■ The task
Your answer must be the full listing, word for word, with no images in it.

■ Material provided
= Beginning of Section =
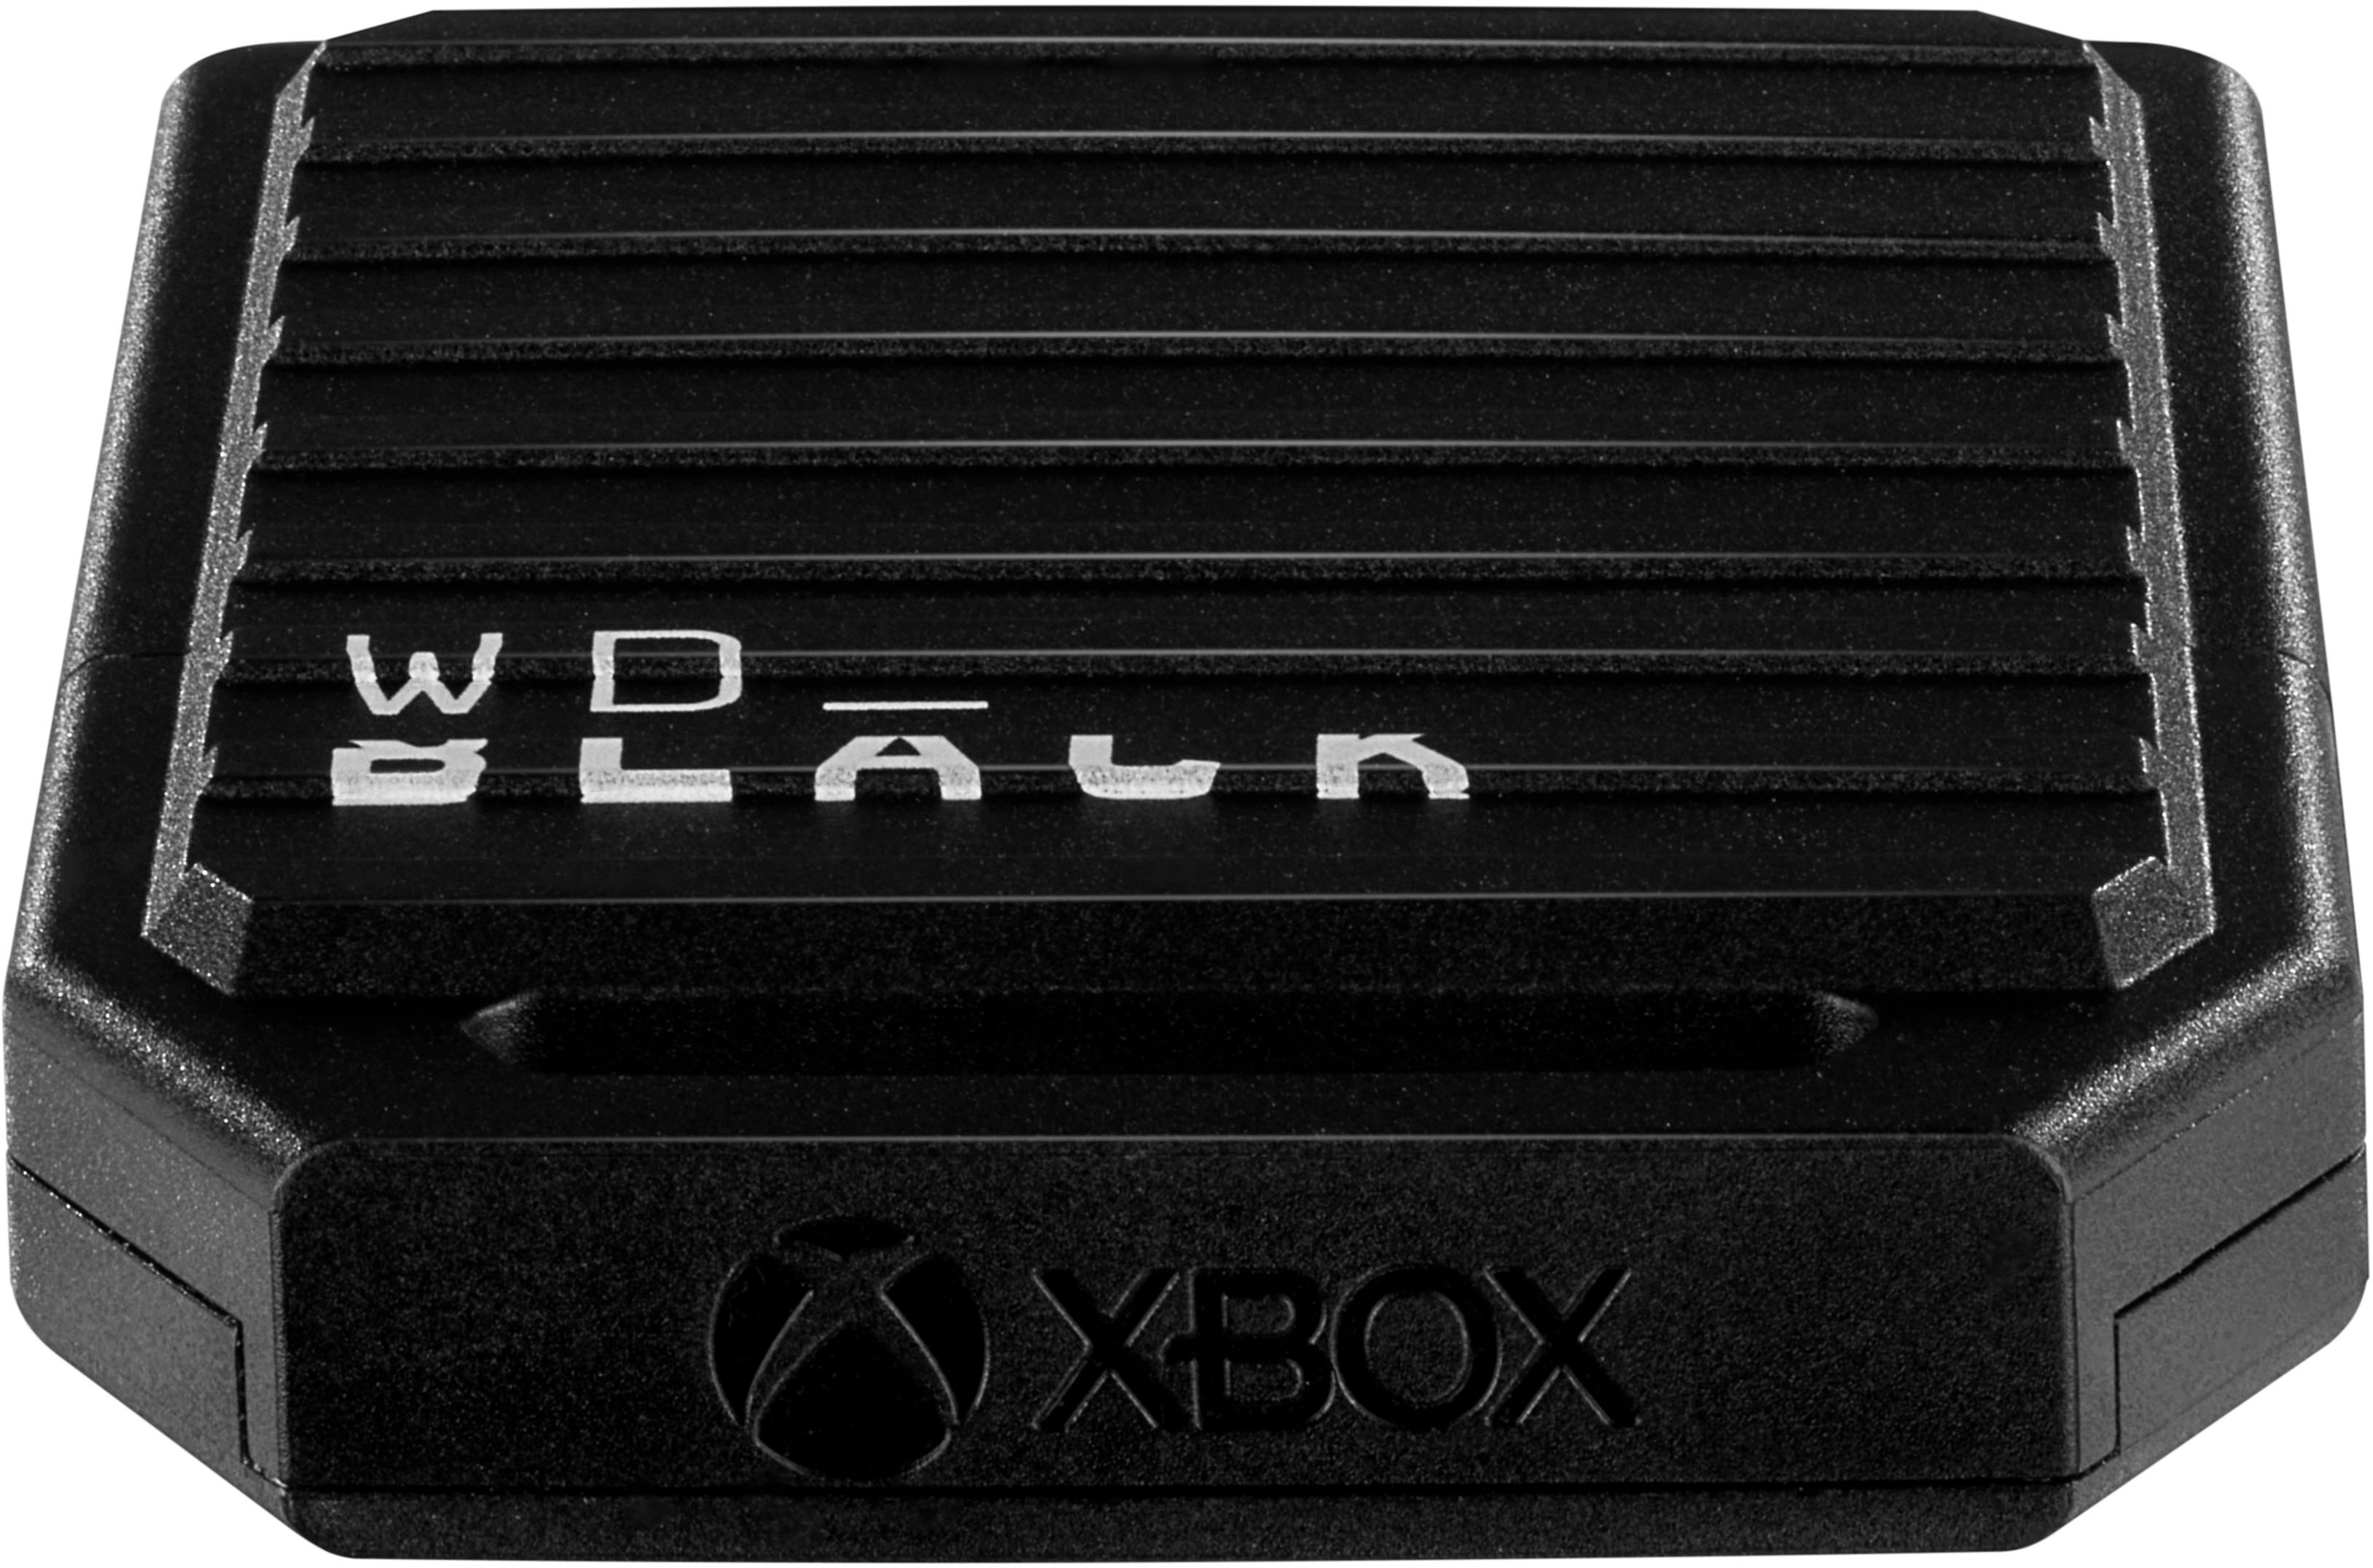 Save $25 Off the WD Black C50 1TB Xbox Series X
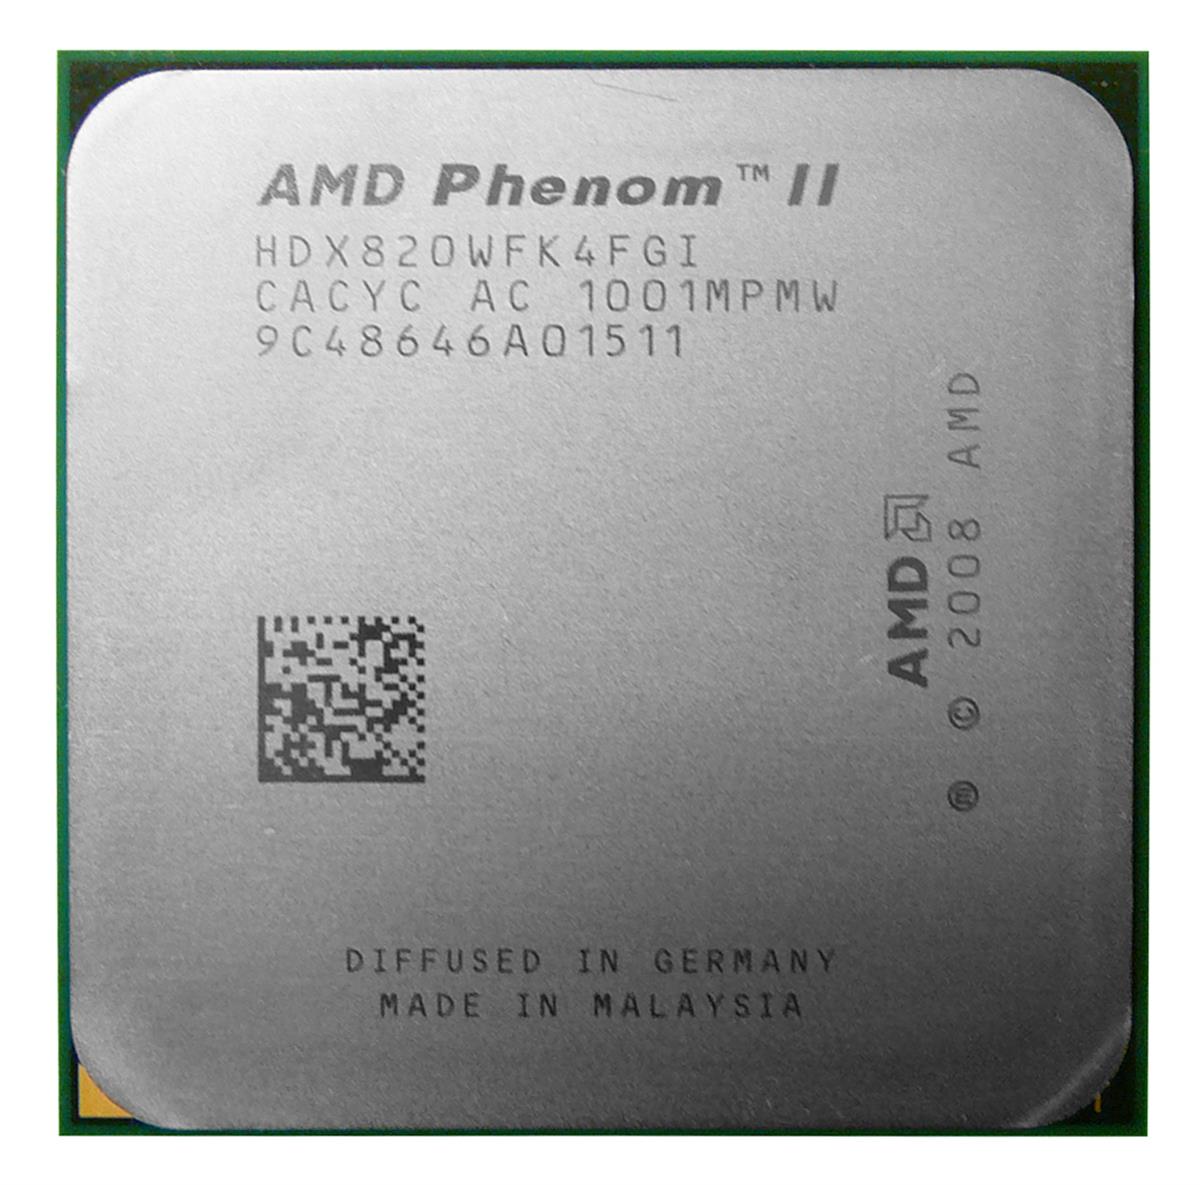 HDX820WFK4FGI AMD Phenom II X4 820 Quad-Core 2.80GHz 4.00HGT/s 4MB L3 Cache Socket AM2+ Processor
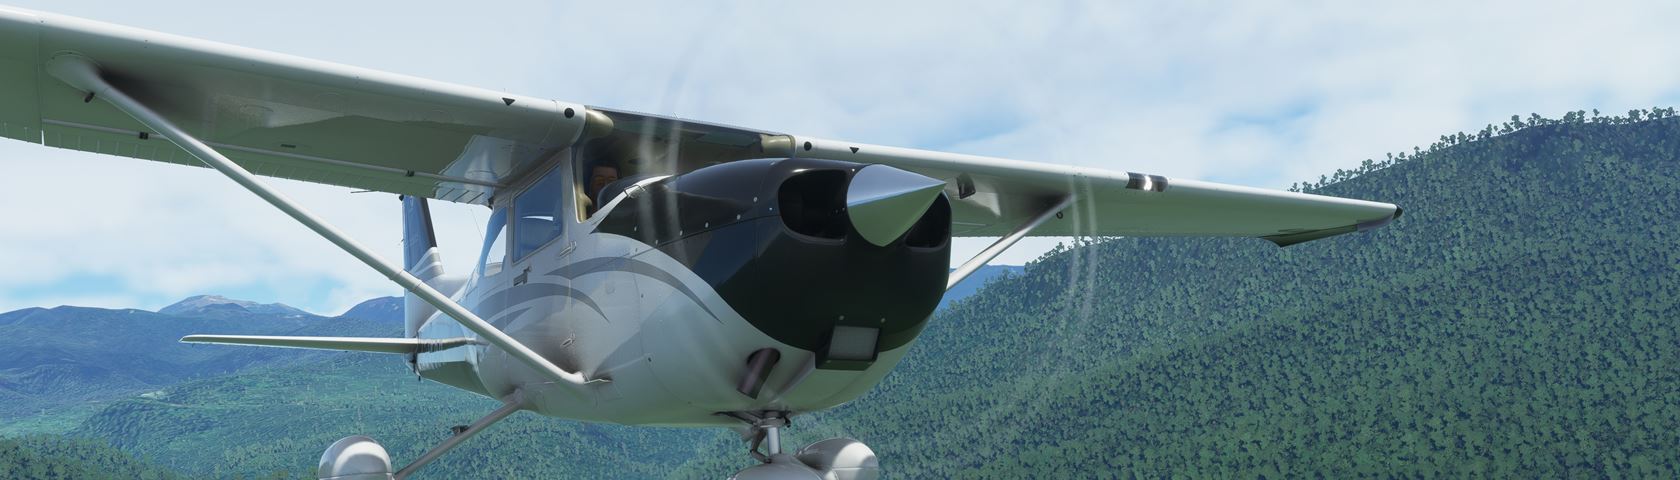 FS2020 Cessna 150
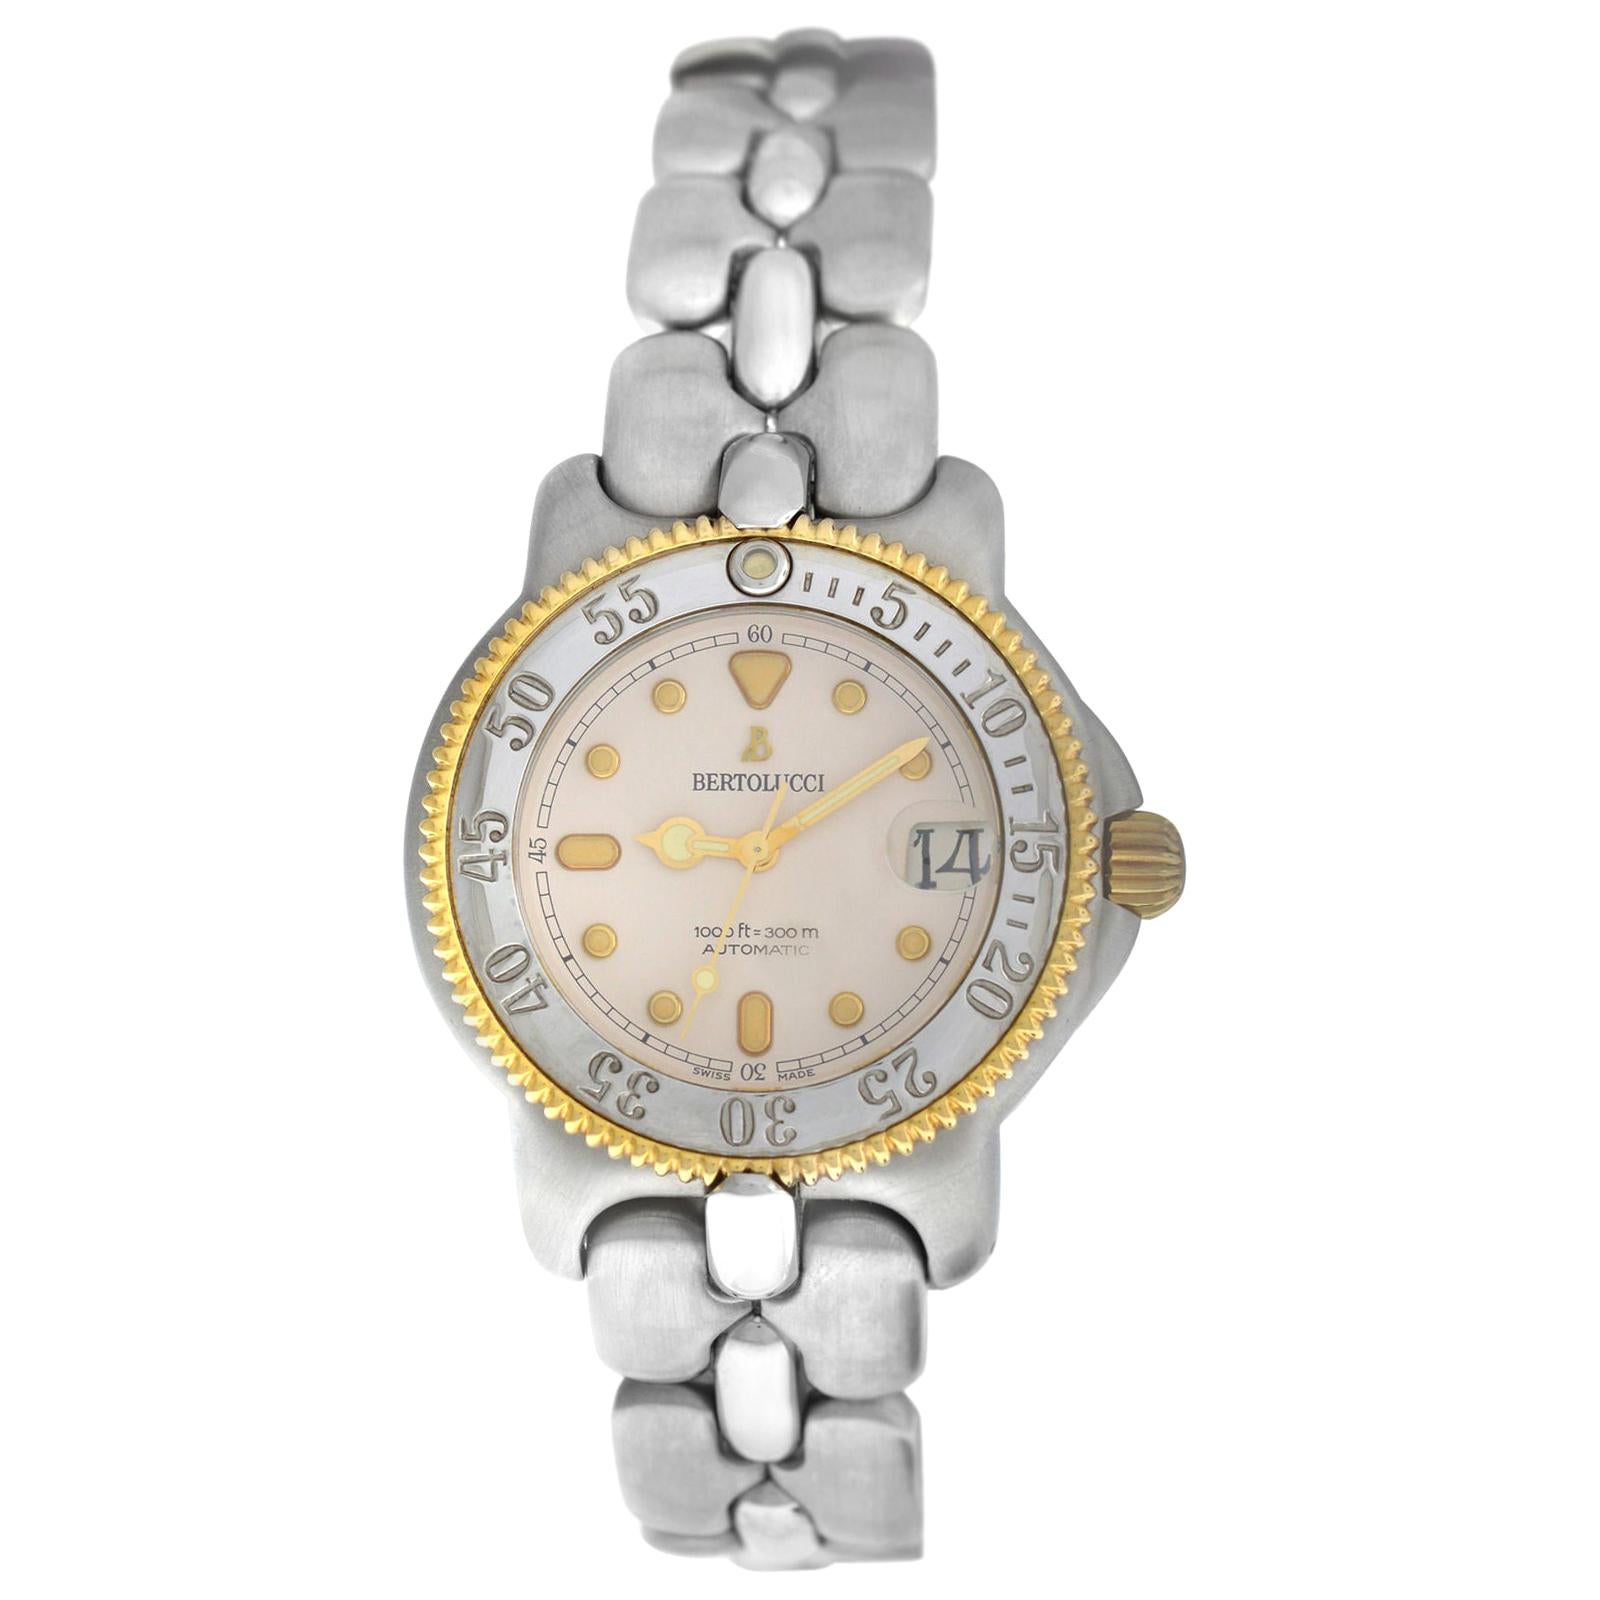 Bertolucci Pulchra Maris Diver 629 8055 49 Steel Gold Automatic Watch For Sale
= End of Section =
■ Task answer
 Save $25 Off the WD Black C50 1TB Xbox Series X
 HDX820WFK4FGI AMD Phenom II X4 820 Quad-Core 2.80GHz 4.00HGT/s 4MB L3 Cache Socket AM2+ Processor
 FS2020 Cessna 150
 Bertolucci Pulchra Maris Diver 629 8055 49 Steel Gold Automatic Watch For Sale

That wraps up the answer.